We had a great local meal in the restaurant overlooking our anchored yacht. No English spoken here, payment in Euros - this really is France.
Nic and I, once again in the rain, started things off at 5.45 next morning and we covered the first 10 miles to tha head of Martinique very smartly. Alas, as we hit the swells of the Dominica Passage between the islands the wind died and we had an uncomfortable crossing. One puke from Billster and Henry retired hurt down below. After 3/4 hours the wind picked up and we roared on with full rig and a more steady motion. Scopoderms patches were applied to Billy and seemed to work. Hen remained below. George read about 100 pages of her book and di some Neurology. We all got the spare spinnaker to fly.

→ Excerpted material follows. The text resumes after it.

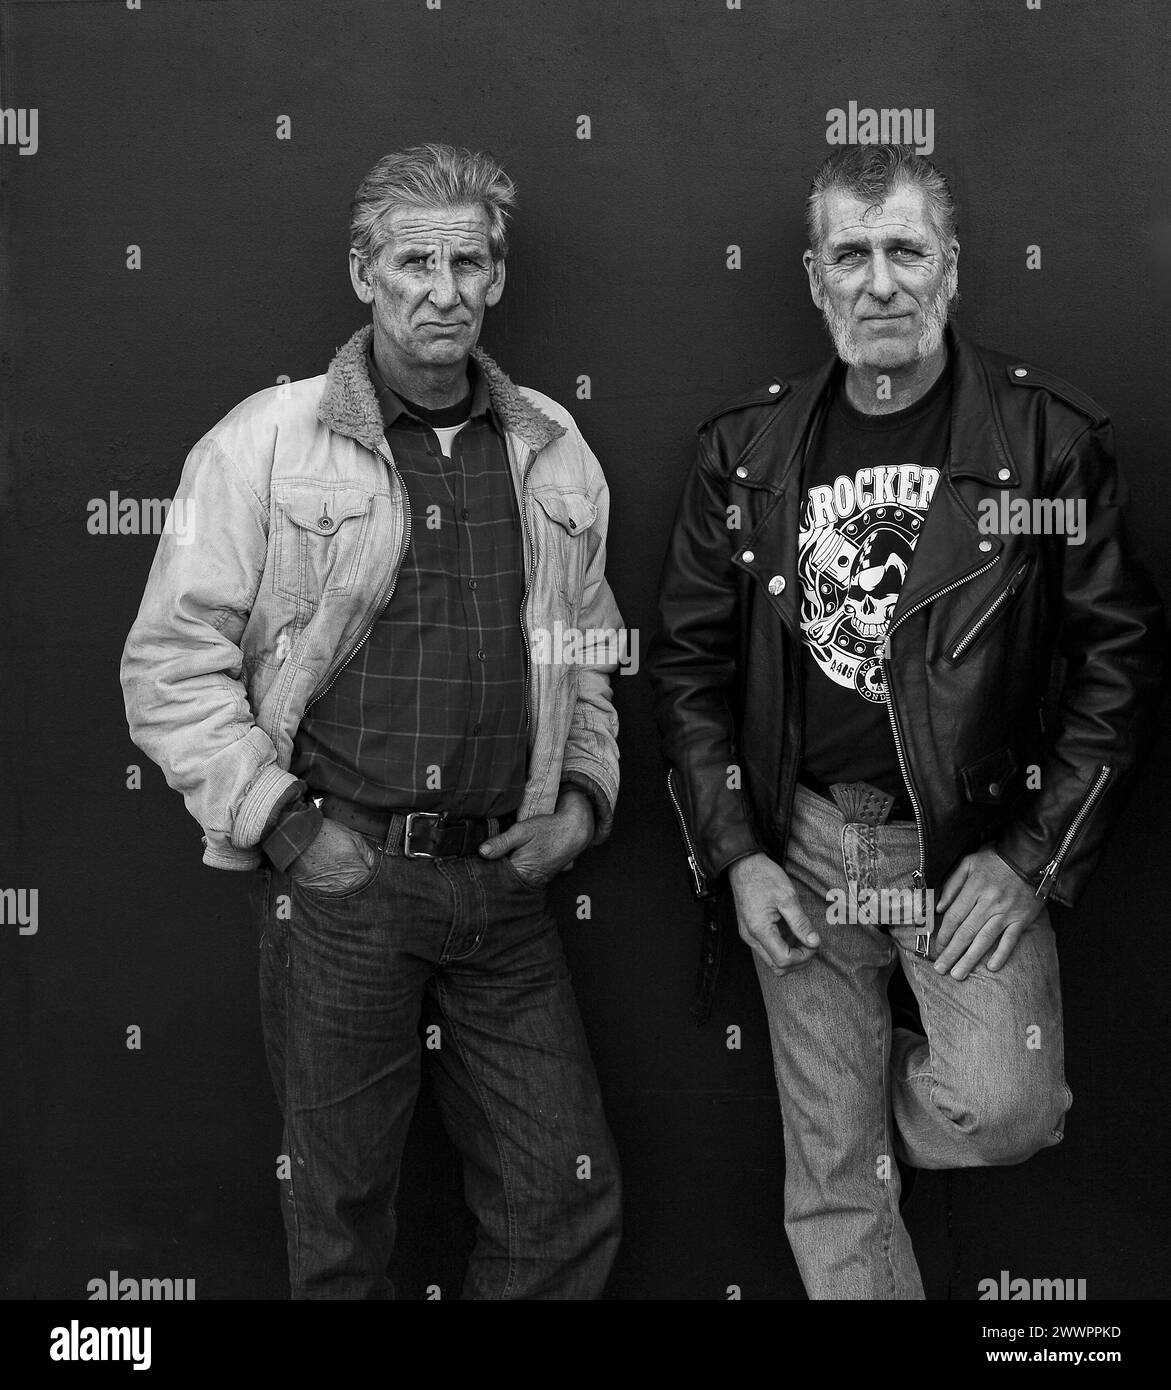 Ton-up-Tag im Ace Cafe in London mit zwei coolen Old School Rocker-Posen. Stockfoto

Our chosen night spot was Portsmouth on Prince Rupert's Bay right on the northern tip of the island. Unbelievably idyllic and a great sunset after 9 hours of hard graft sailing. 500cl of "fat" coke revived Henry who then splashed around with Billy for an hour before Salade du Canard follwed by Thai Green Curry - it was getting dark so the colour is that suggested by the tin. All tasted good. We declined to clear in stayed onboard. It all looked wonderful from the cockpit.
Breakages: so many! A wonky starboard main winch, challenges with the primary oil filter, broken swimming ladder, minor issues with unwanted guests in the flour (AGAIN but more so) but....the blog maker works!
Off to Isles des Saintes tomorrow early for another low mileage day.